Task prompt →
From the line containing "Cute Doll Wallpaper" down to the line containing "The Port Theatre", copy out the entries below exactly, both lines included, and nothing else; pictures do not belong in the copy.

Records for the exercise →
=-=-=-=-=

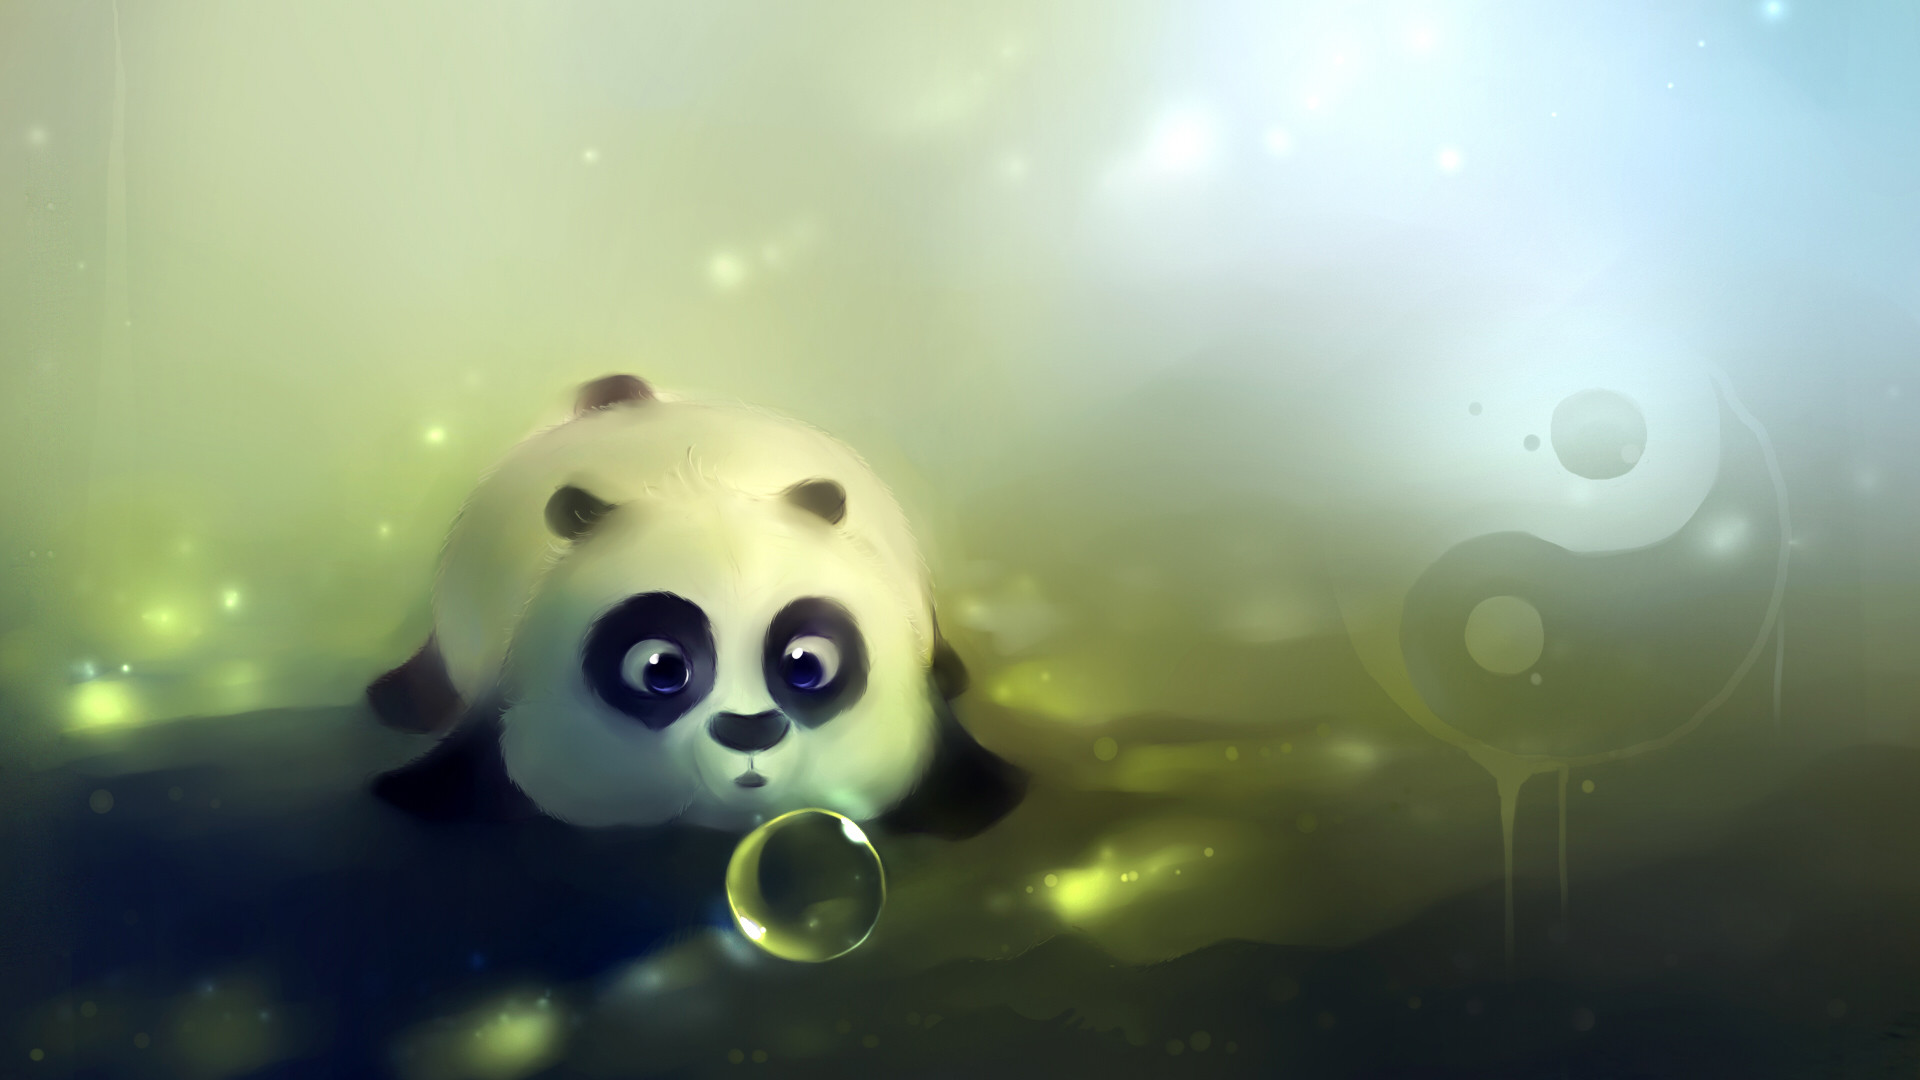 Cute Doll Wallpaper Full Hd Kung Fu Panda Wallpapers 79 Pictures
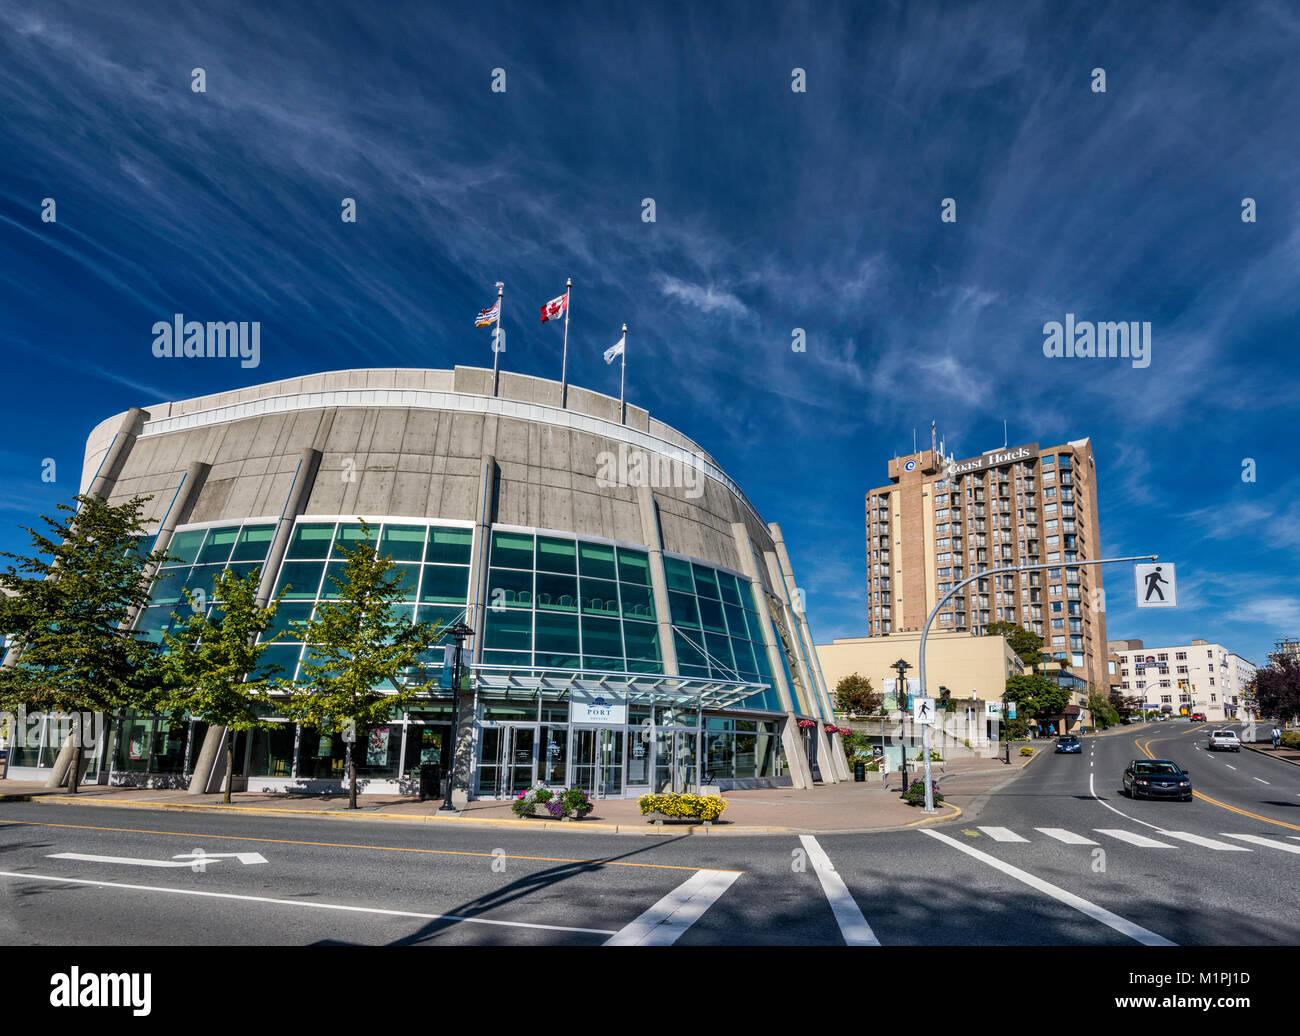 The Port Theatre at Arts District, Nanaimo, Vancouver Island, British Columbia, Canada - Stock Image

=-=-=-=-=

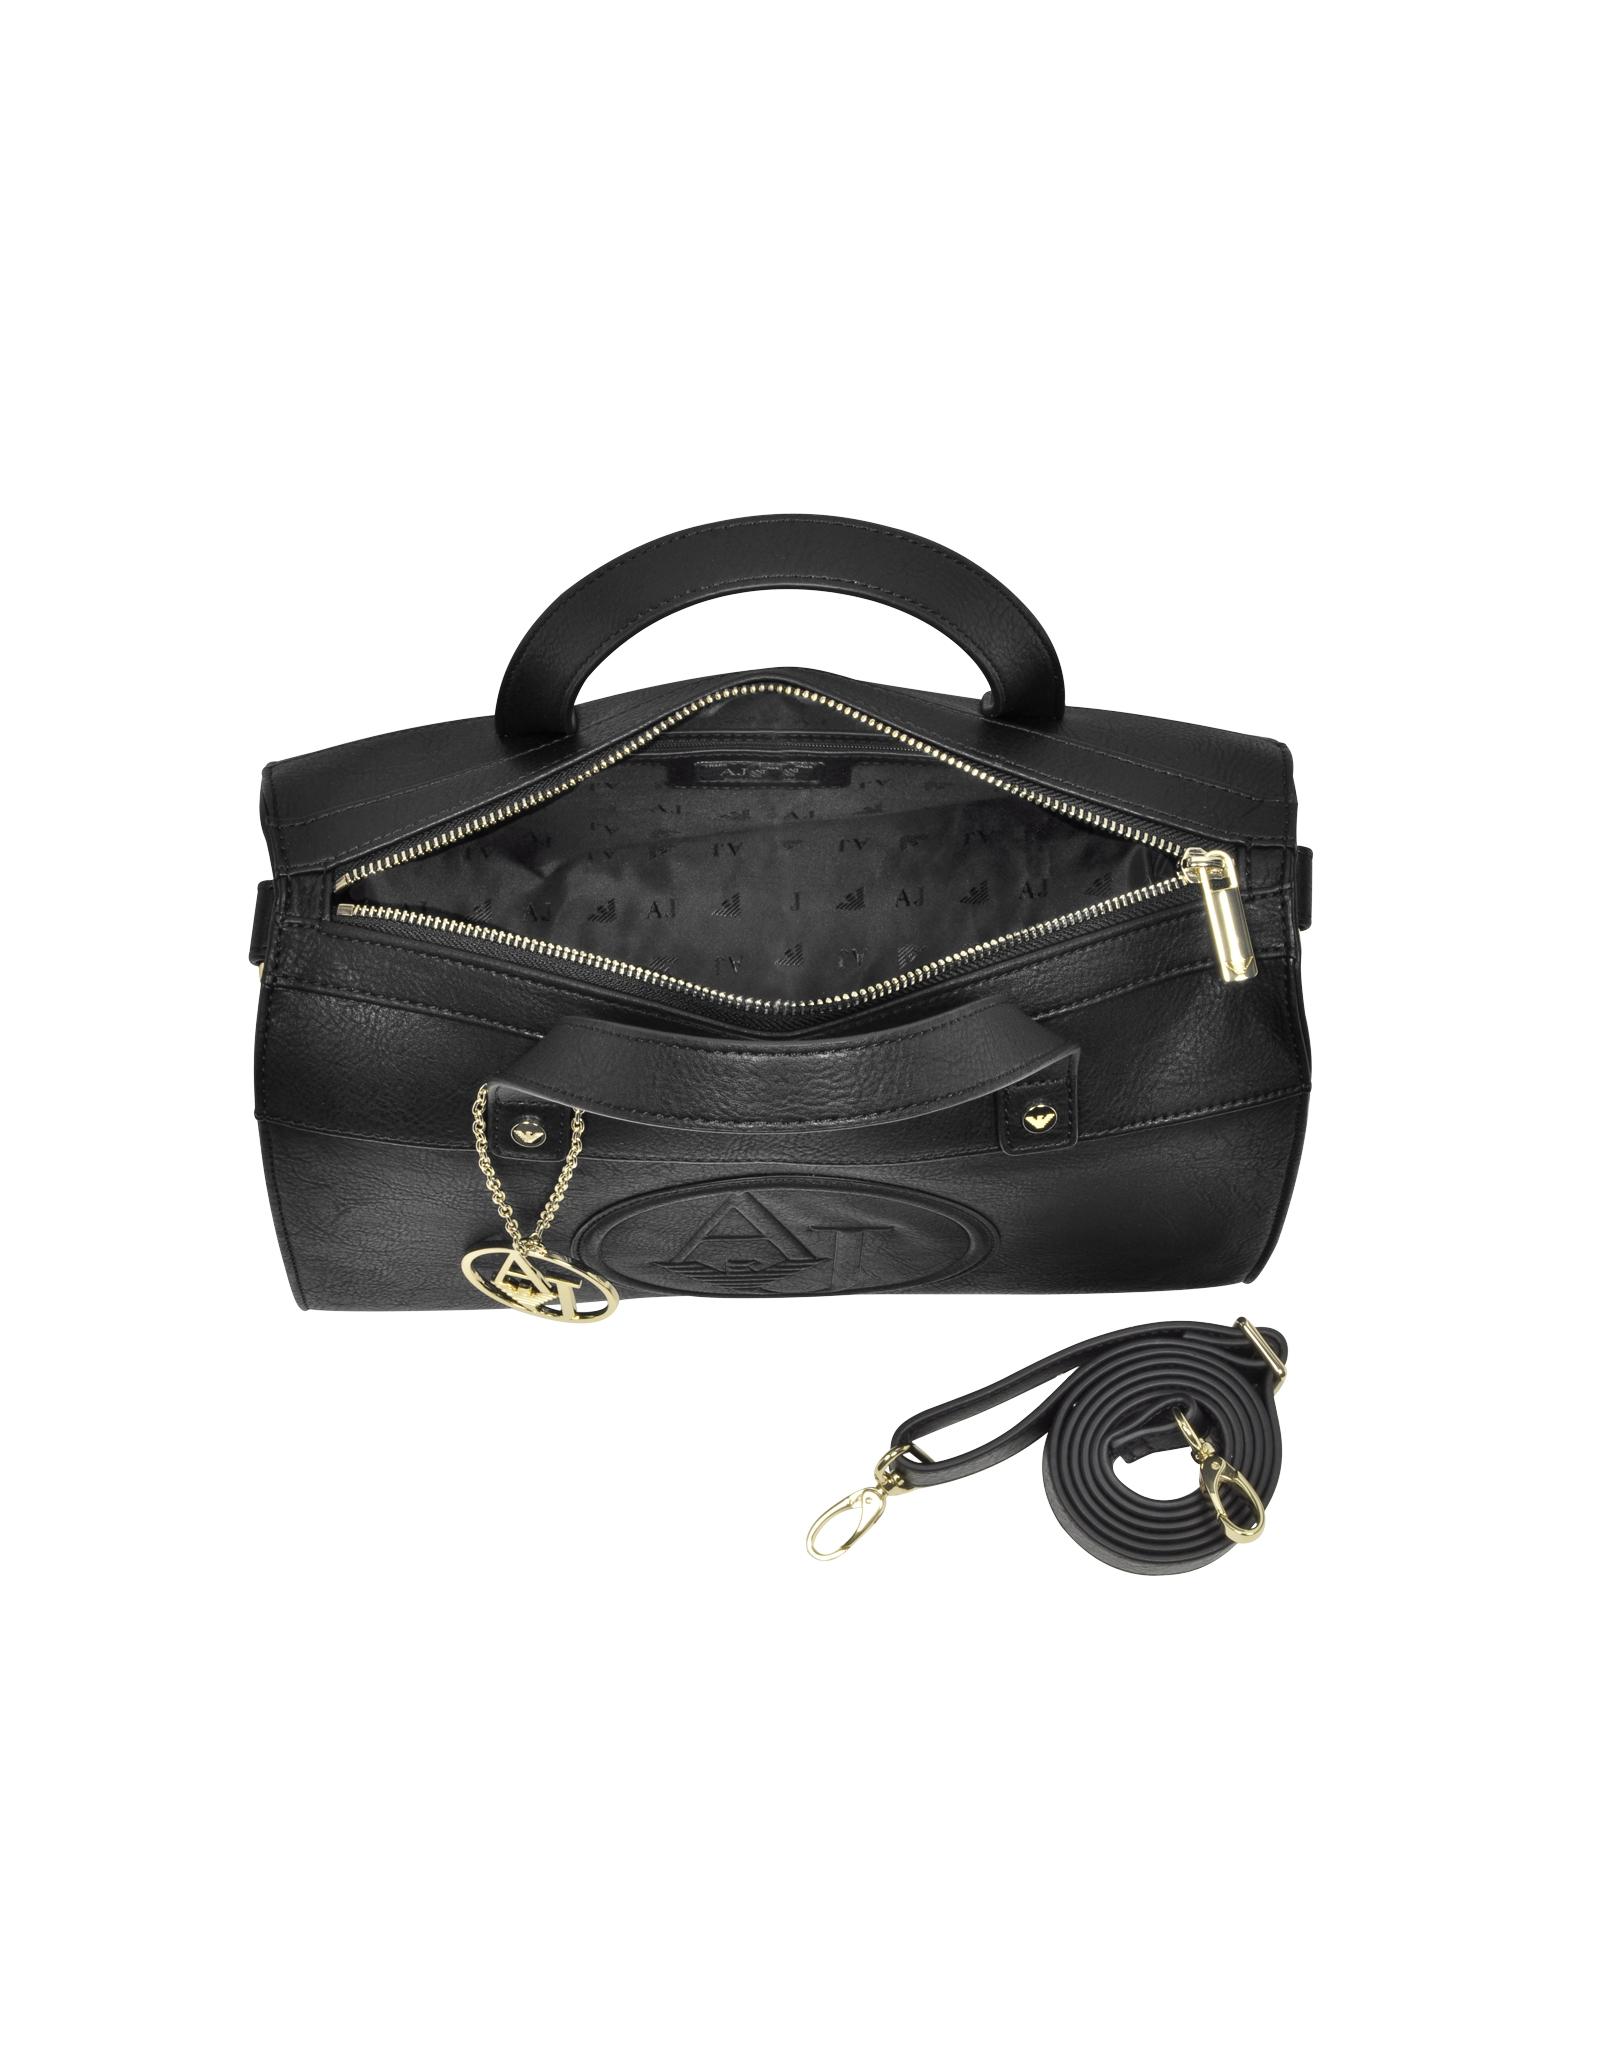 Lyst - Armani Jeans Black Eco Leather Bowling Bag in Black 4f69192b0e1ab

=-=-=-=-=

Answer box →
 Cute Doll Wallpaper Full Hd Kung Fu Panda Wallpapers 79 Pictures
 The Port Theatre at Arts District, Nanaimo, Vancouver Island, British Columbia, Canada - Stock Image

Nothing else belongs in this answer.